(INFORMATION SHOWN)
□ □ □ □ □ □ □

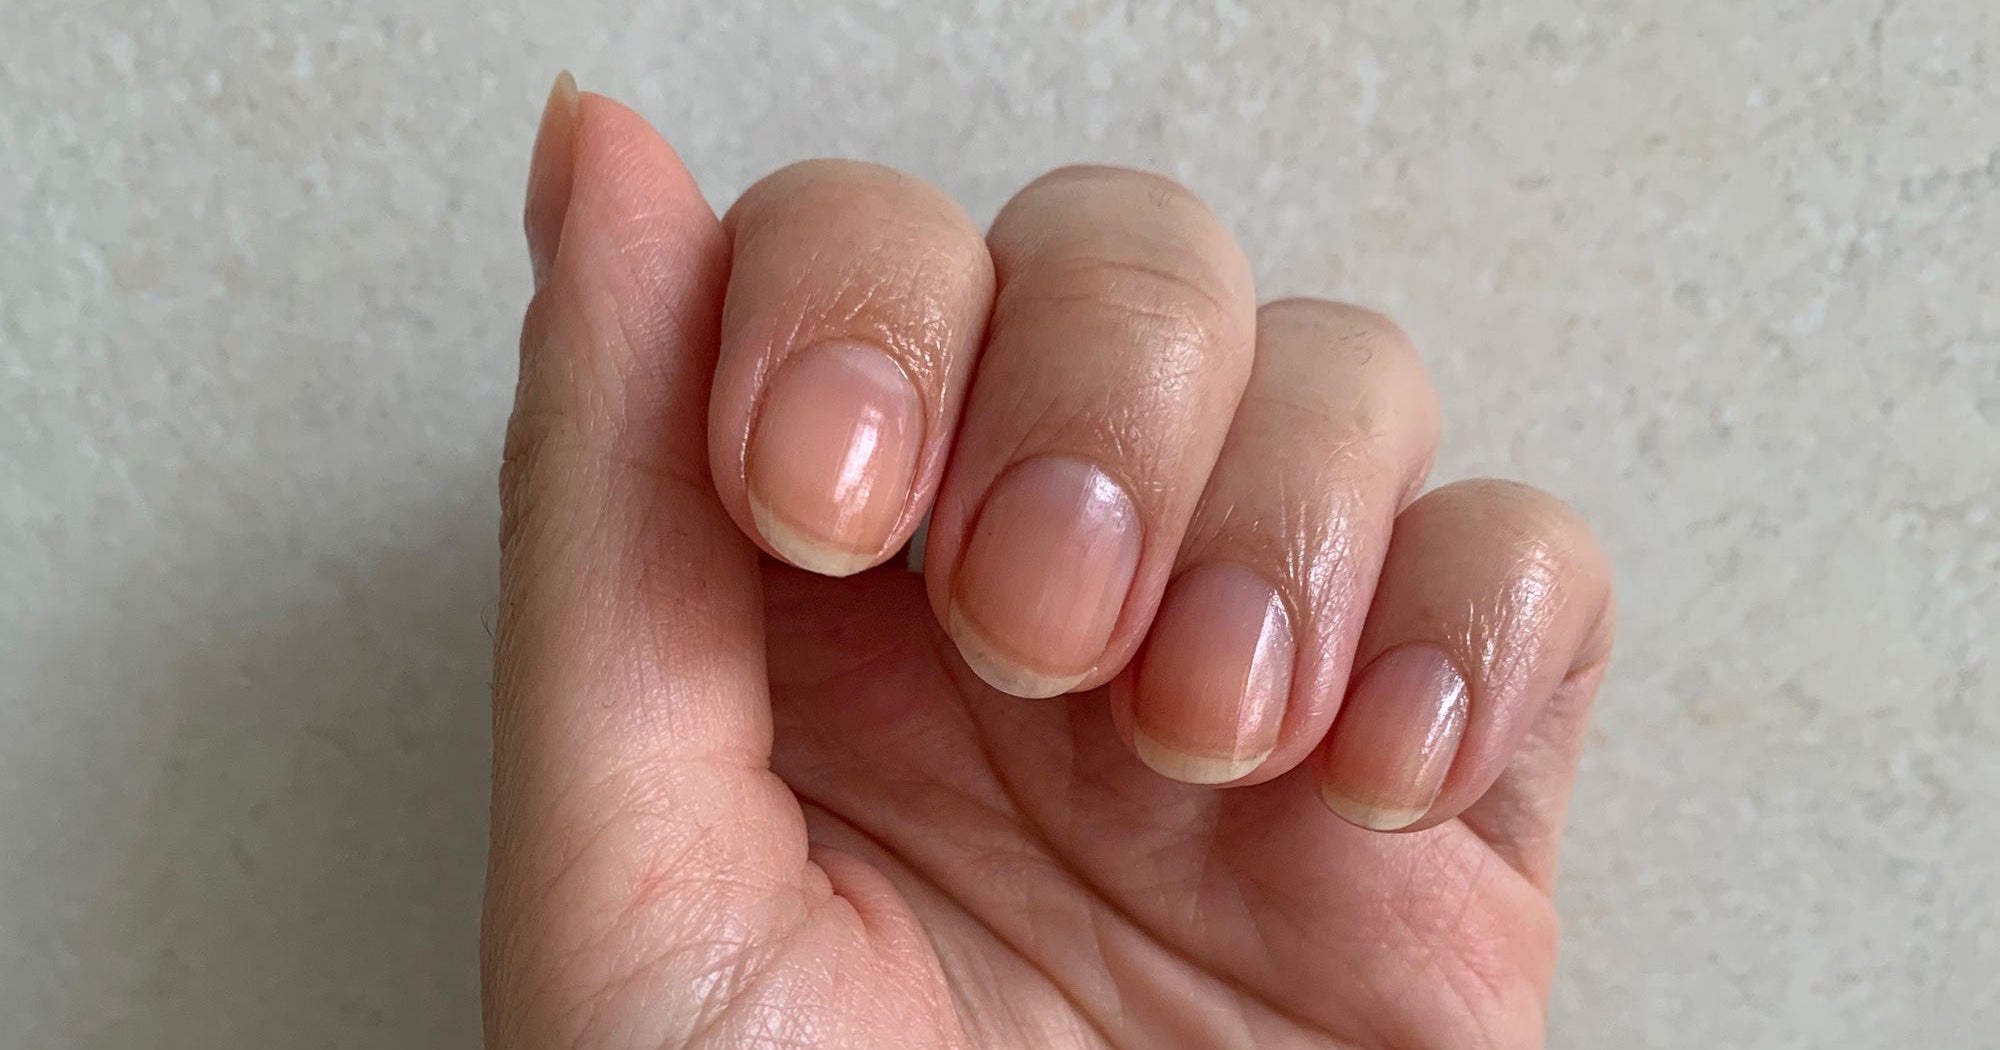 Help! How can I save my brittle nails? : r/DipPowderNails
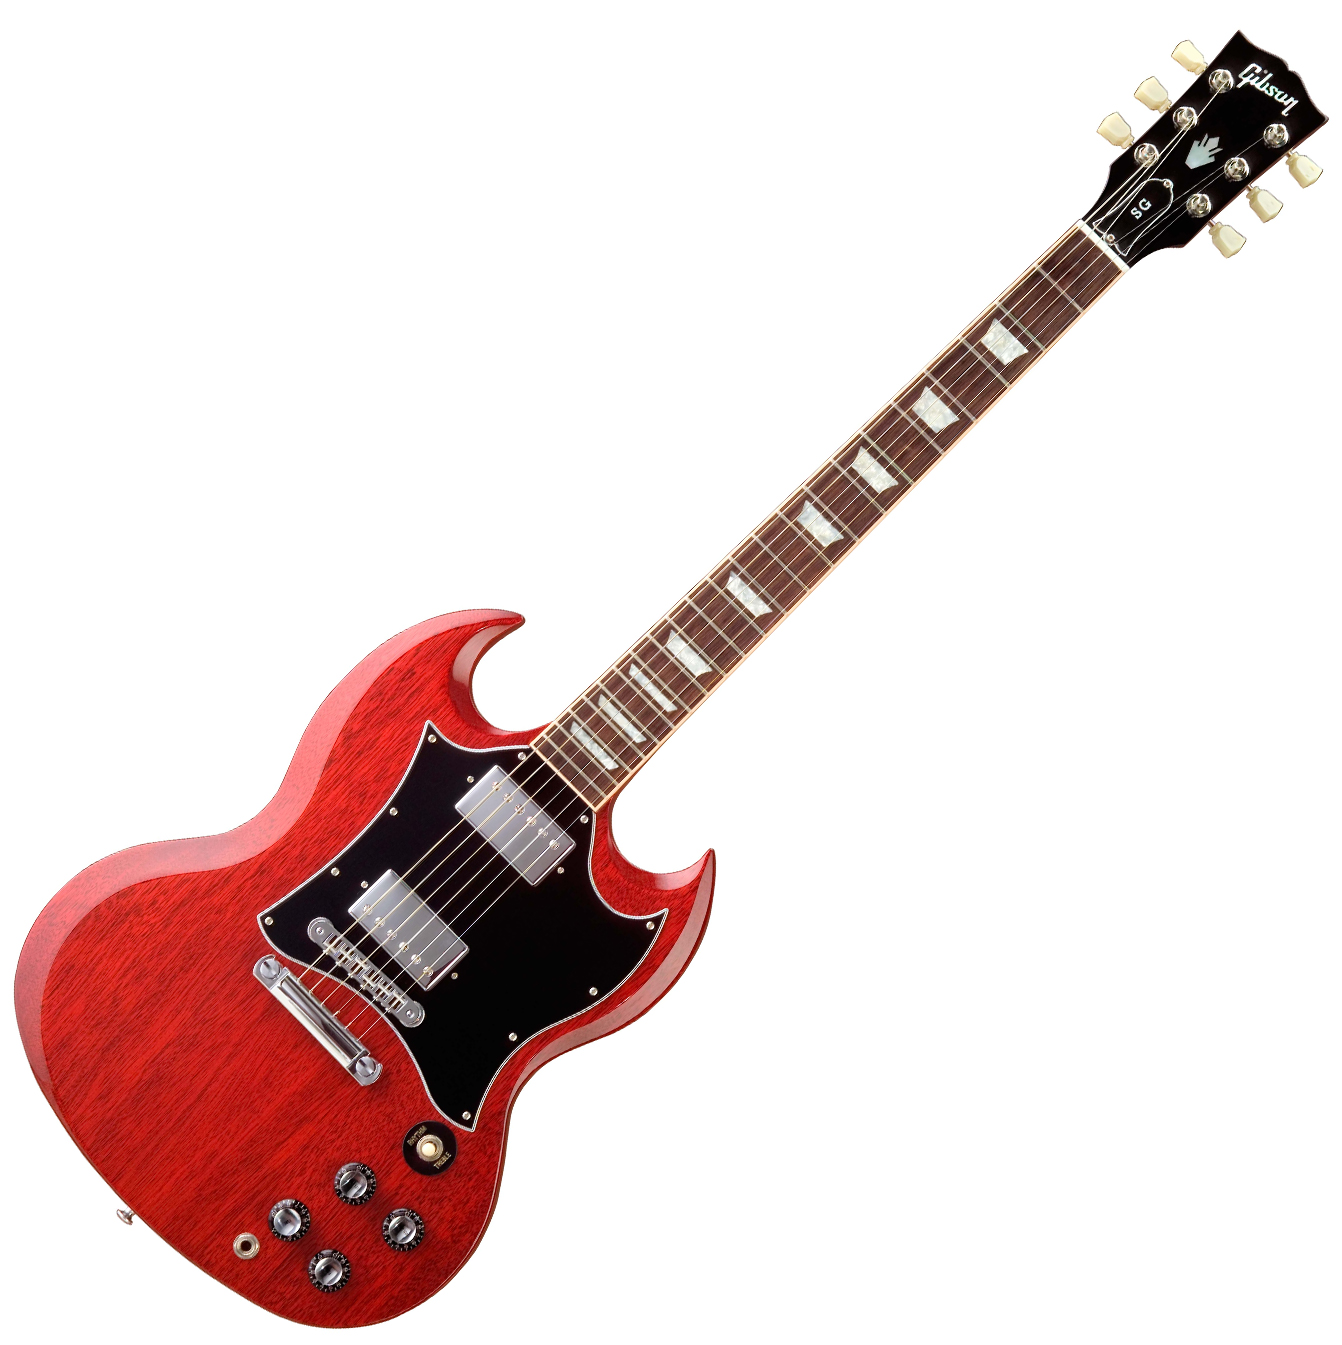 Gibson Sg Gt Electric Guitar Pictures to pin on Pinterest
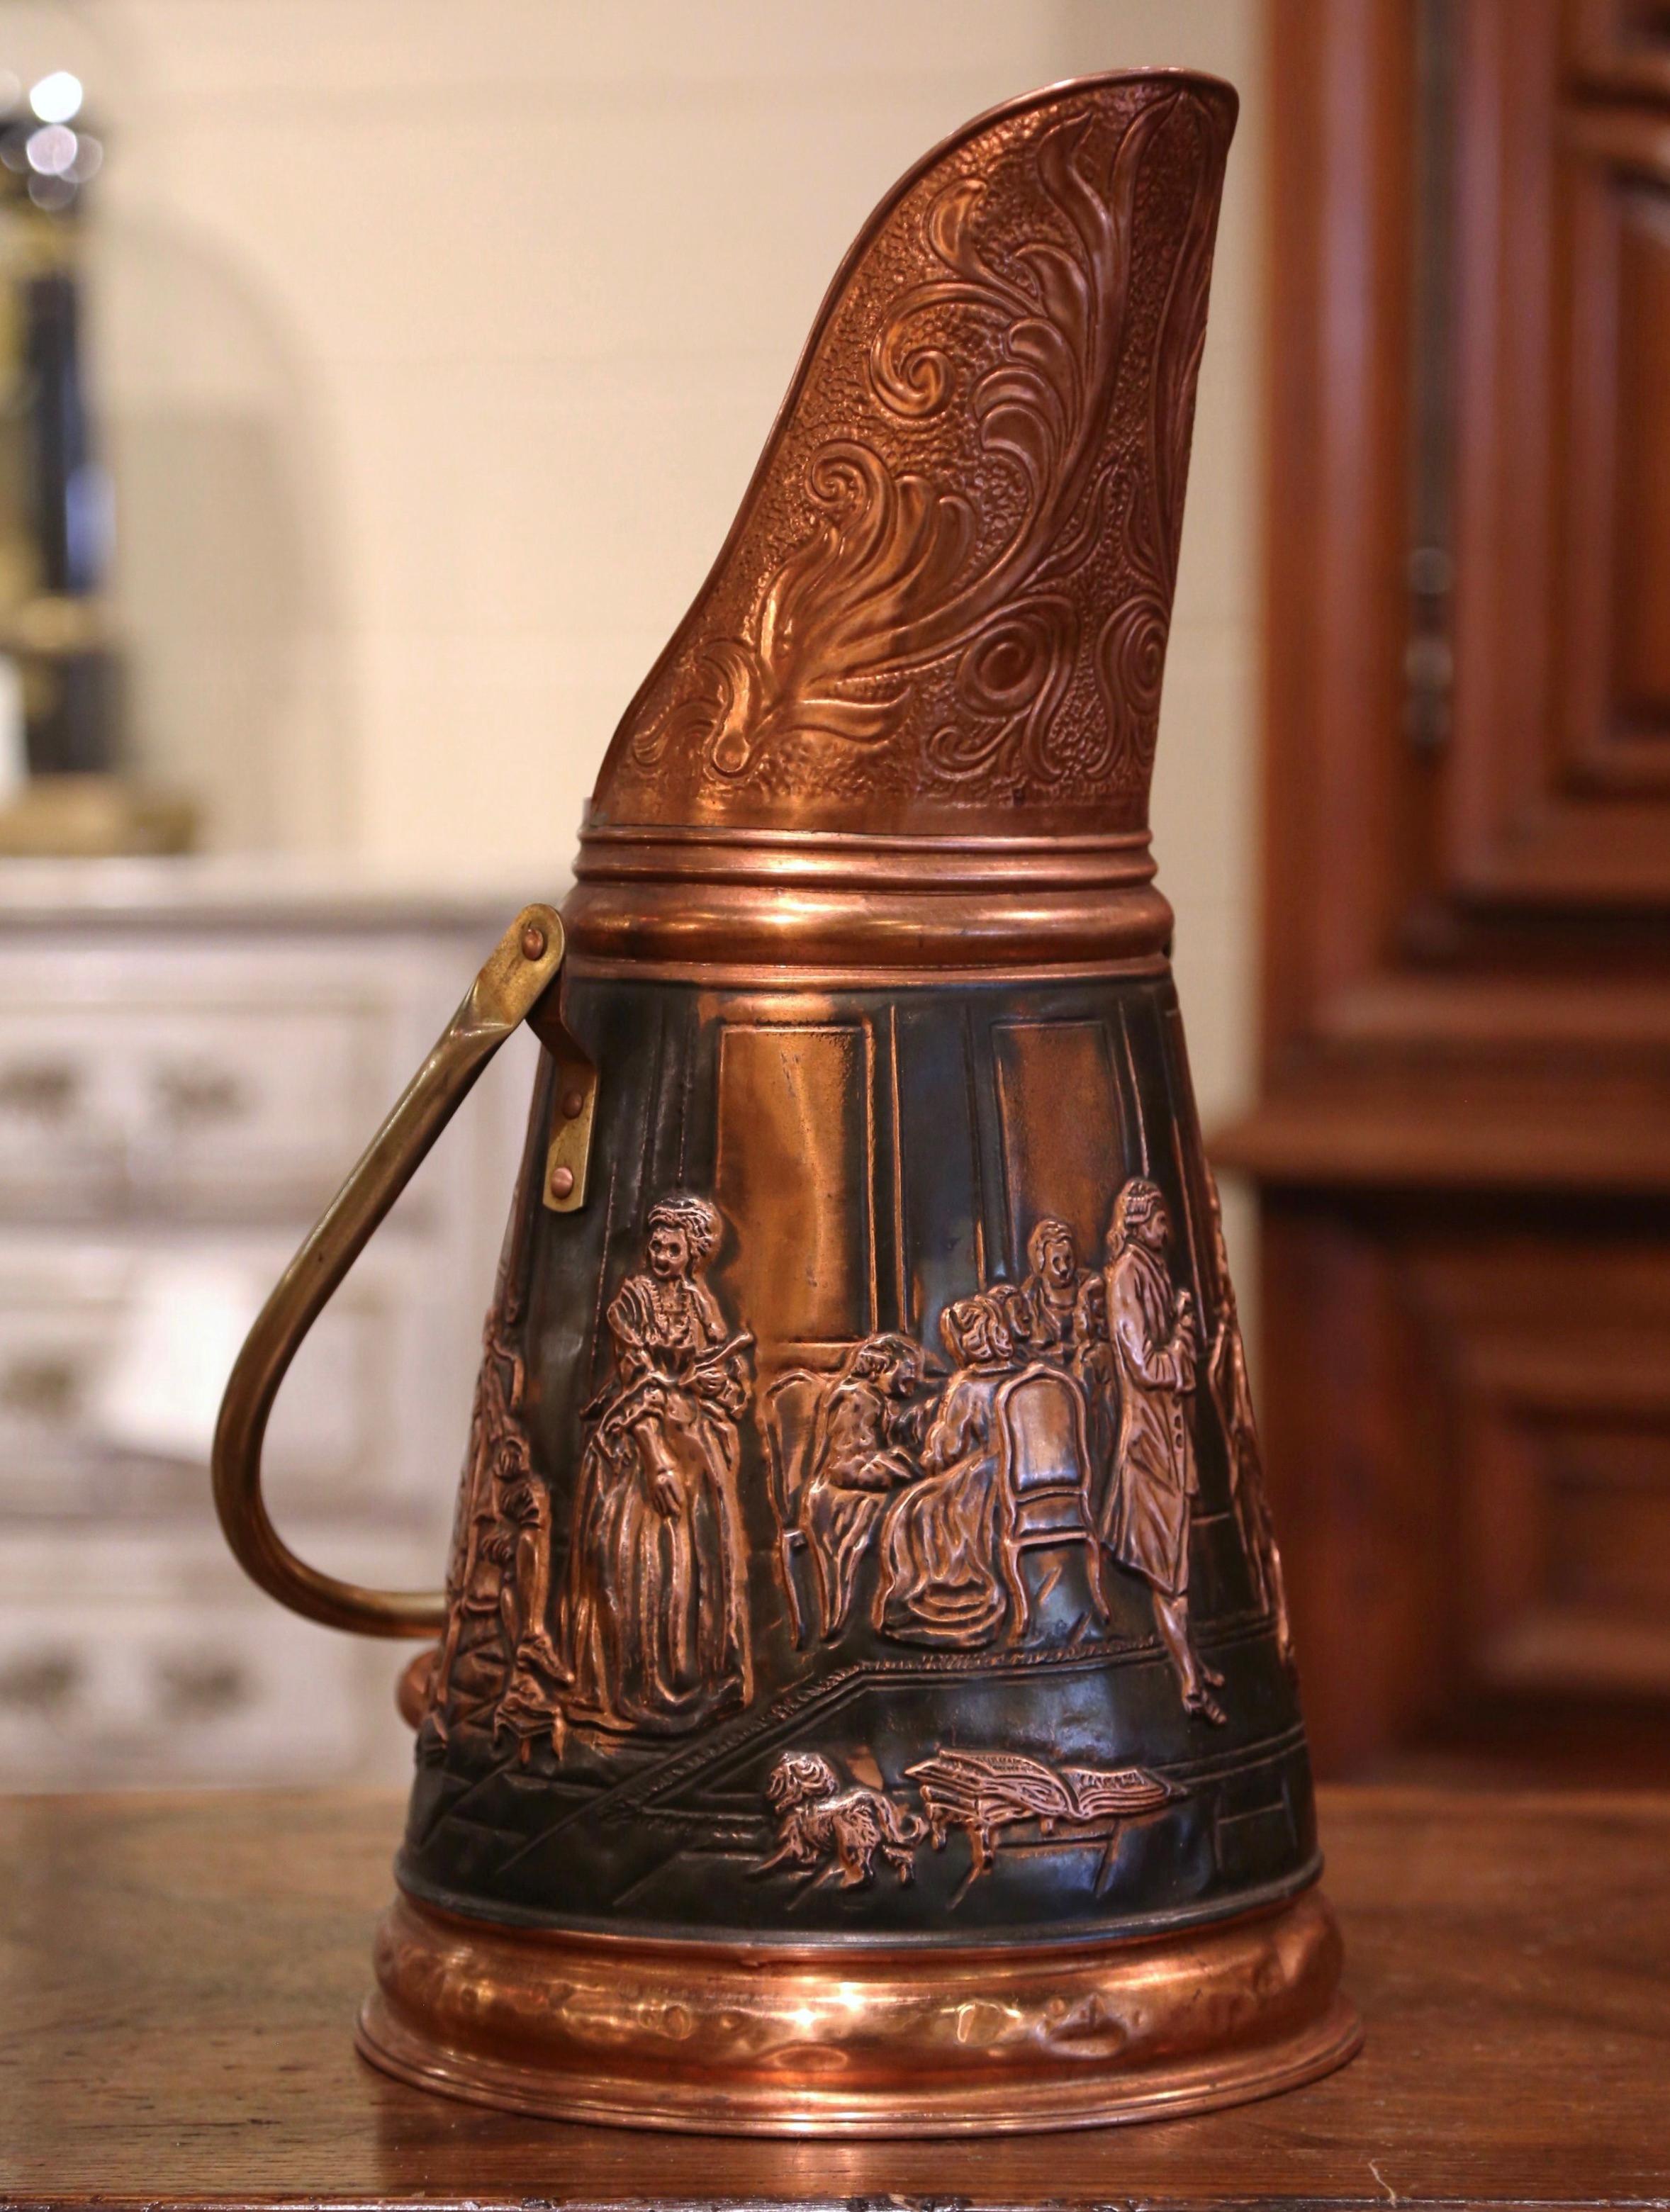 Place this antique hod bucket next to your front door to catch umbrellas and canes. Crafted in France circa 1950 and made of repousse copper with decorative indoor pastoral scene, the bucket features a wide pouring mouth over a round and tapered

□ □ □ □ □ □ □

(WORK TASK)
Copy exactly, and only, the lines running from the one containing "Gibson Sg Gt" through the final line of the data, and omit the pictures.

(TASK SOLUTION)
 Gibson Sg Gt Electric Guitar Pictures to pin on Pinterest
 Place this antique hod bucket next to your front door to catch umbrellas and canes. Crafted in France circa 1950 and made of repousse copper with decorative indoor pastoral scene, the bucket features a wide pouring mouth over a round and tapered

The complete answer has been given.